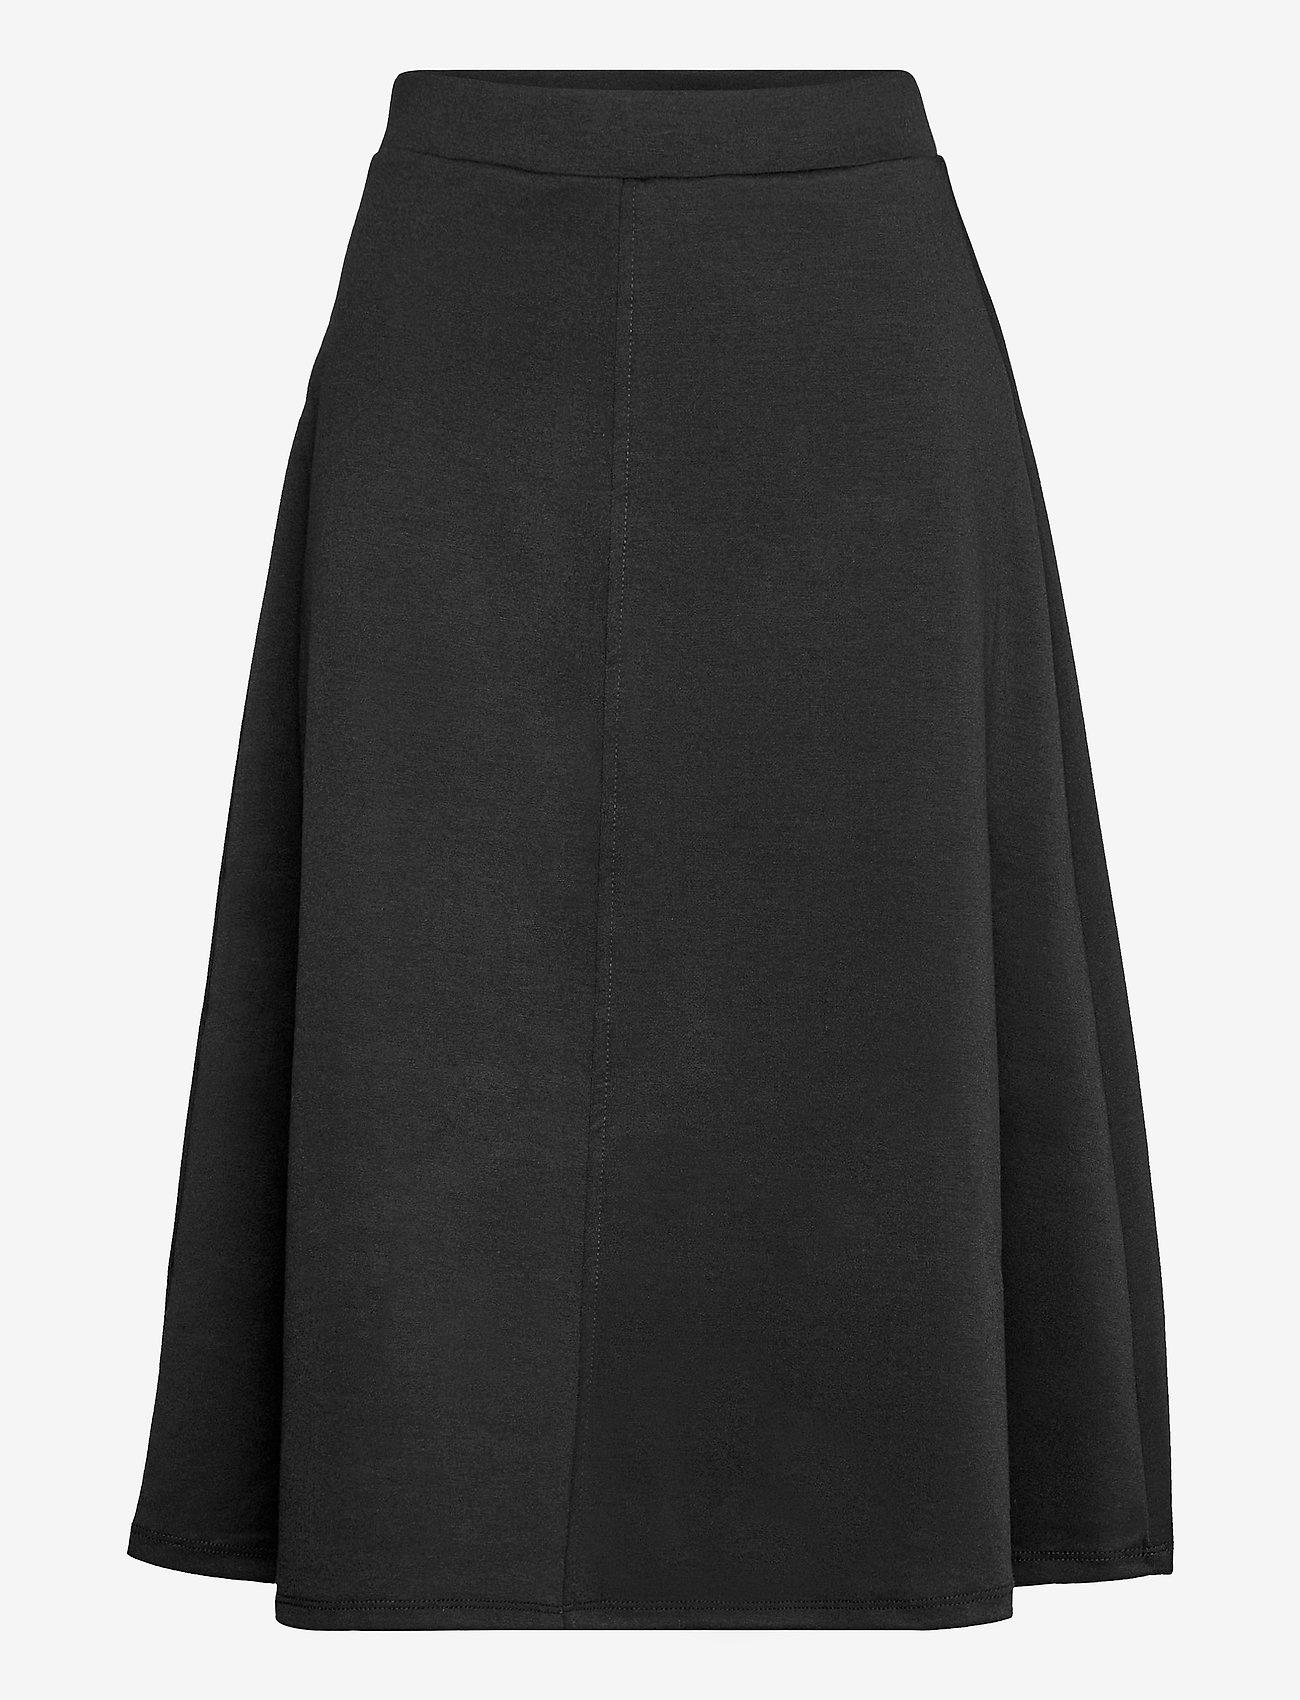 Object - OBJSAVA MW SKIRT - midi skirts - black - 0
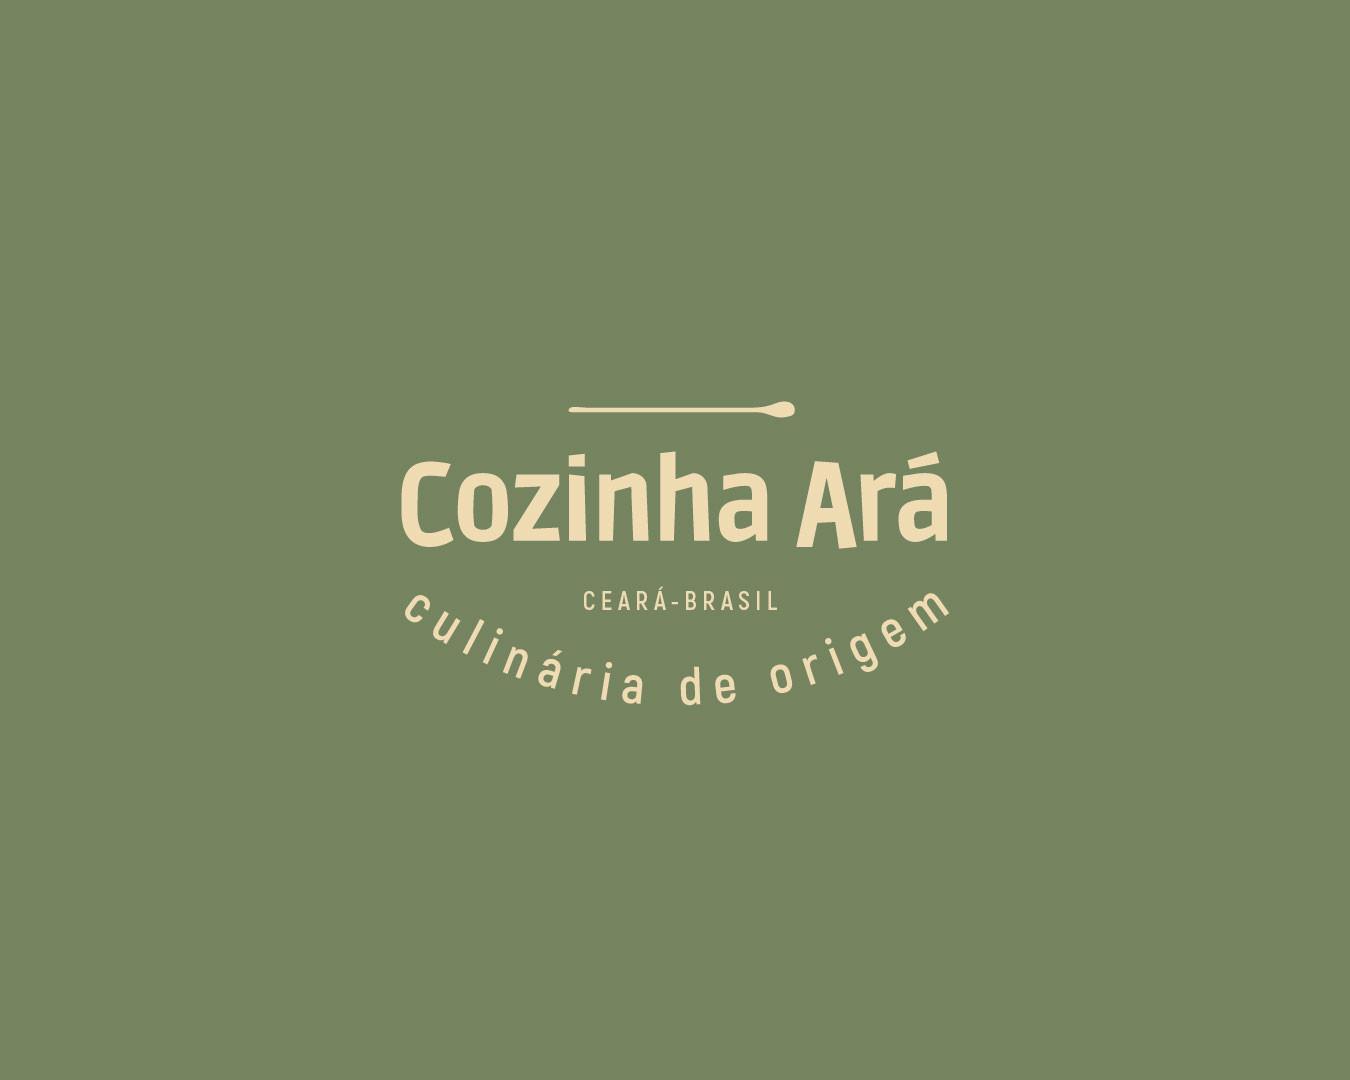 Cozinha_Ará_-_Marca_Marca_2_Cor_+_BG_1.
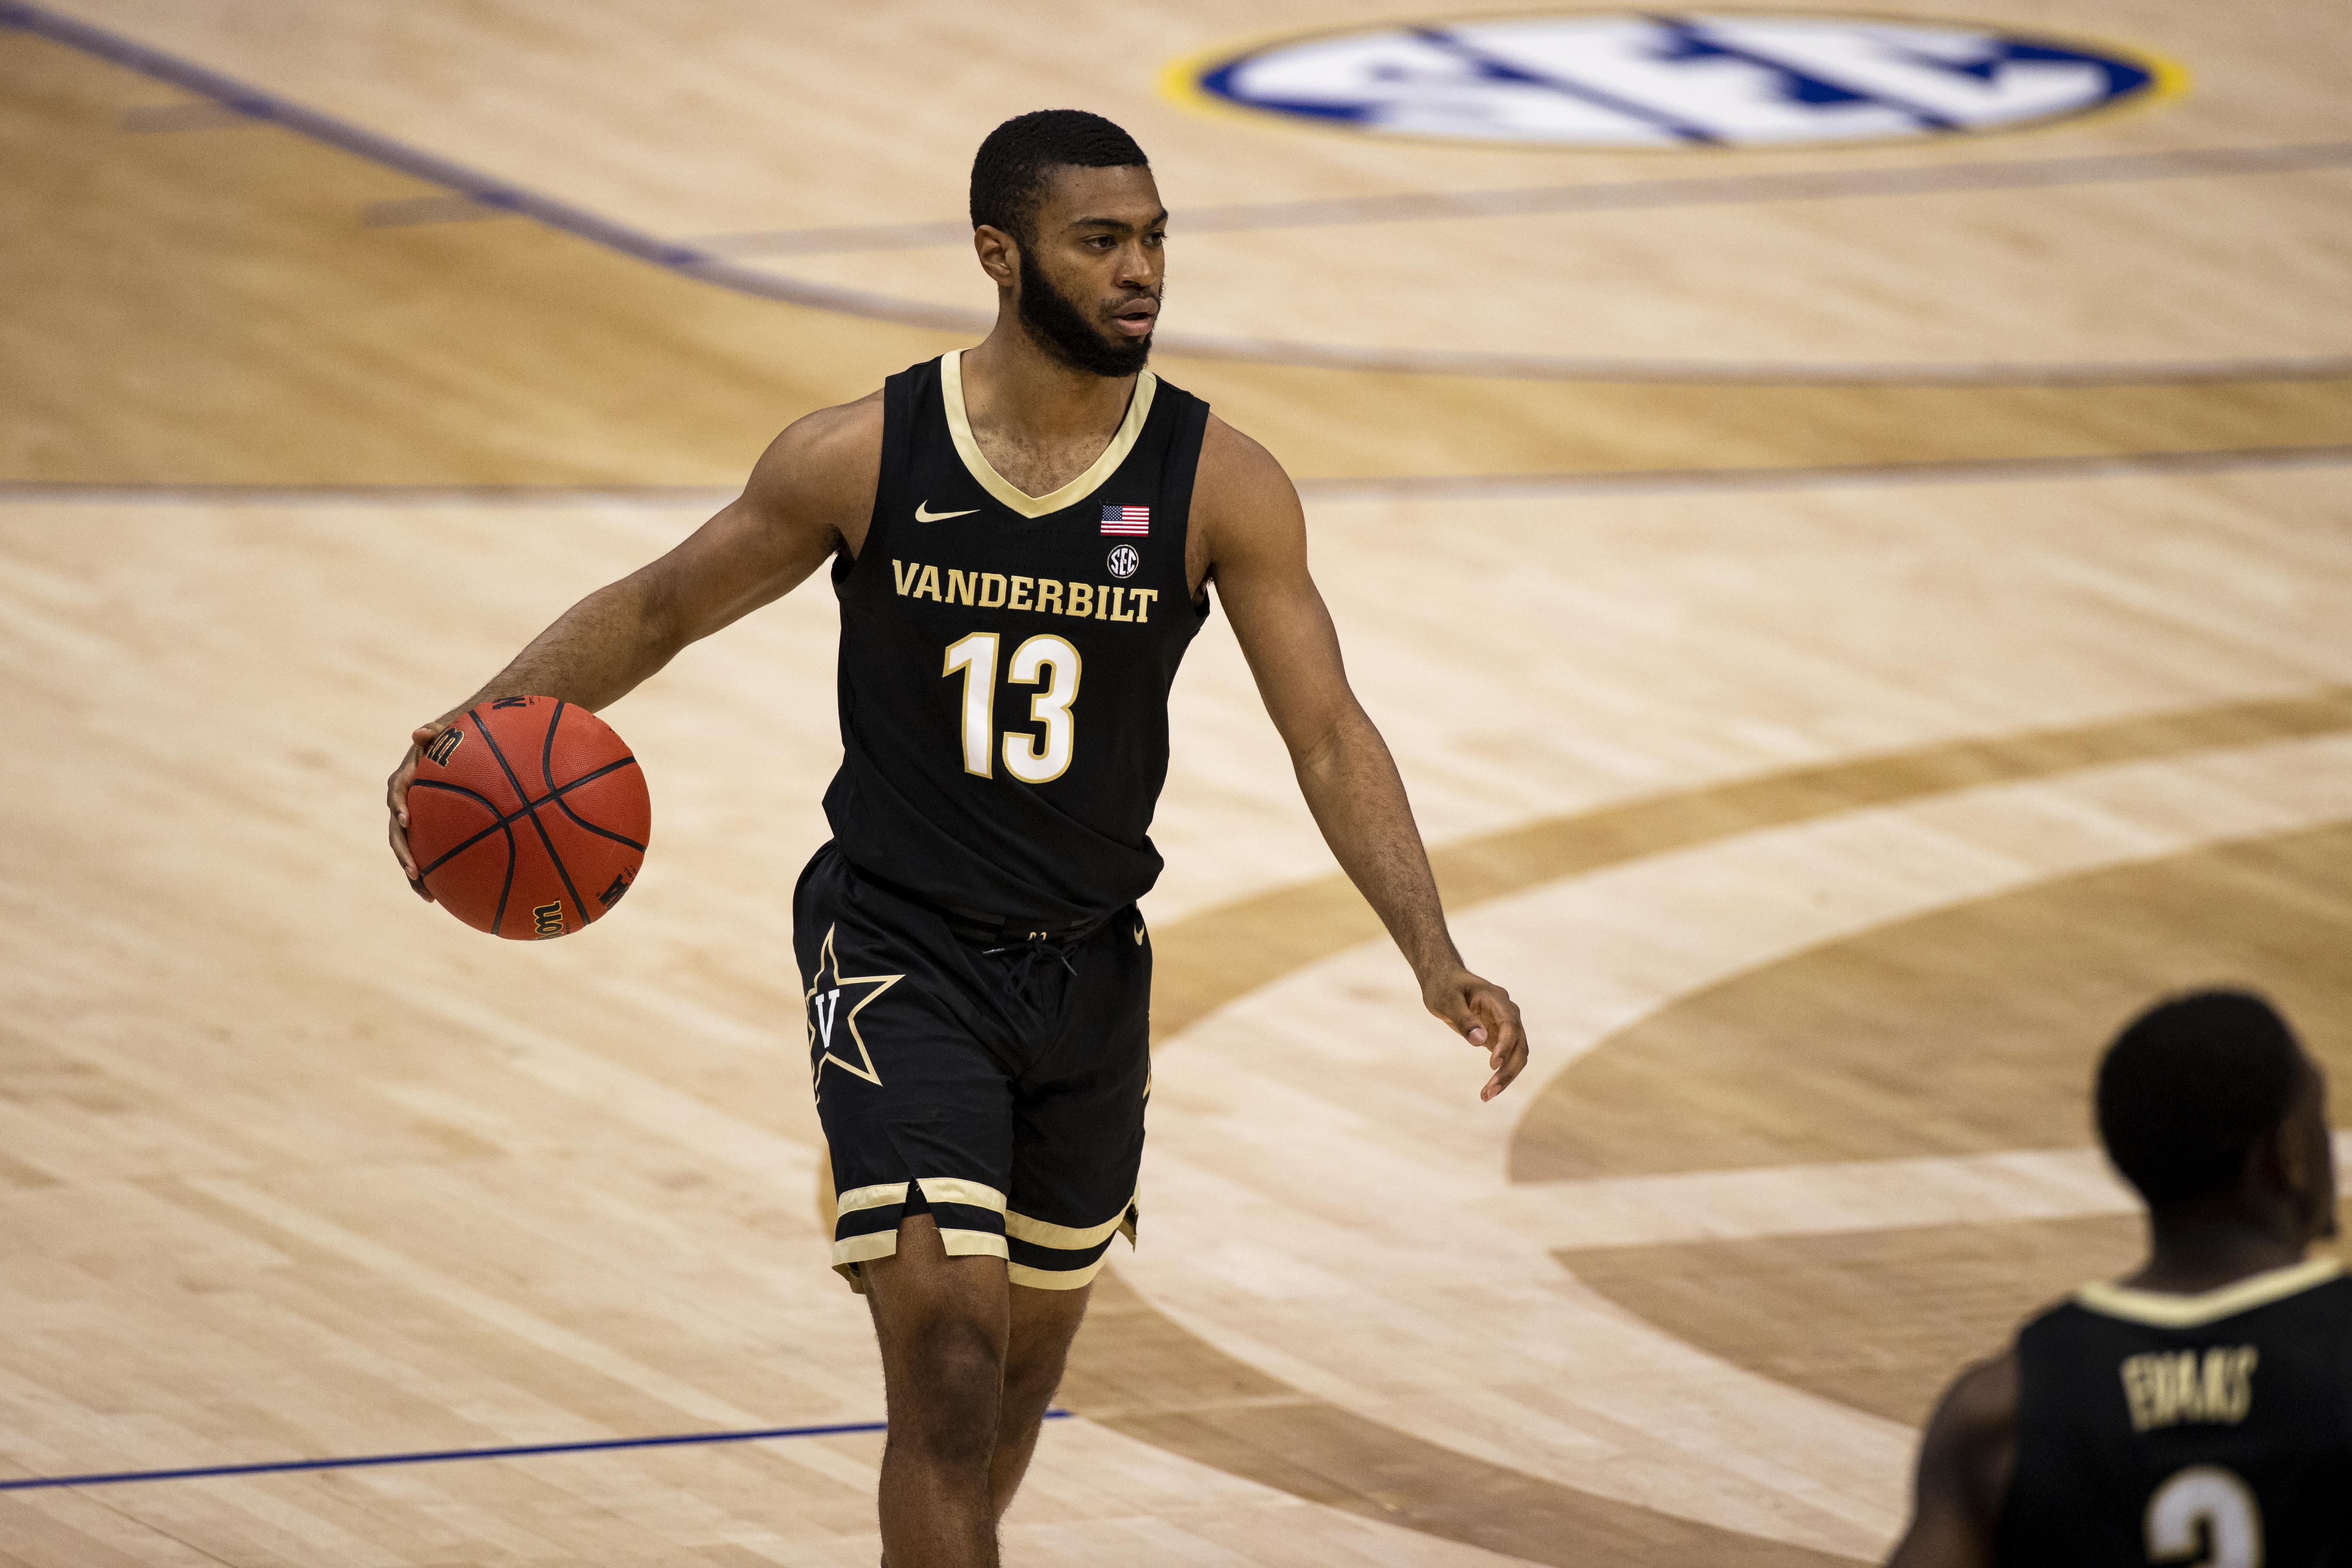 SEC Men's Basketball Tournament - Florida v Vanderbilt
────────────────────────────────────────
:: Work item ::
From the line containing "Cozinha_Ará_-_Marca_Marca_2_Cor_+_BG_1." to the last line of the listing above, transcribe each line exactly, skipping the pictures.

:: Exercise output ::
 Cozinha_Ará_-_Marca_Marca_2_Cor_+_BG_1.
 SEC Men's Basketball Tournament - Florida v Vanderbilt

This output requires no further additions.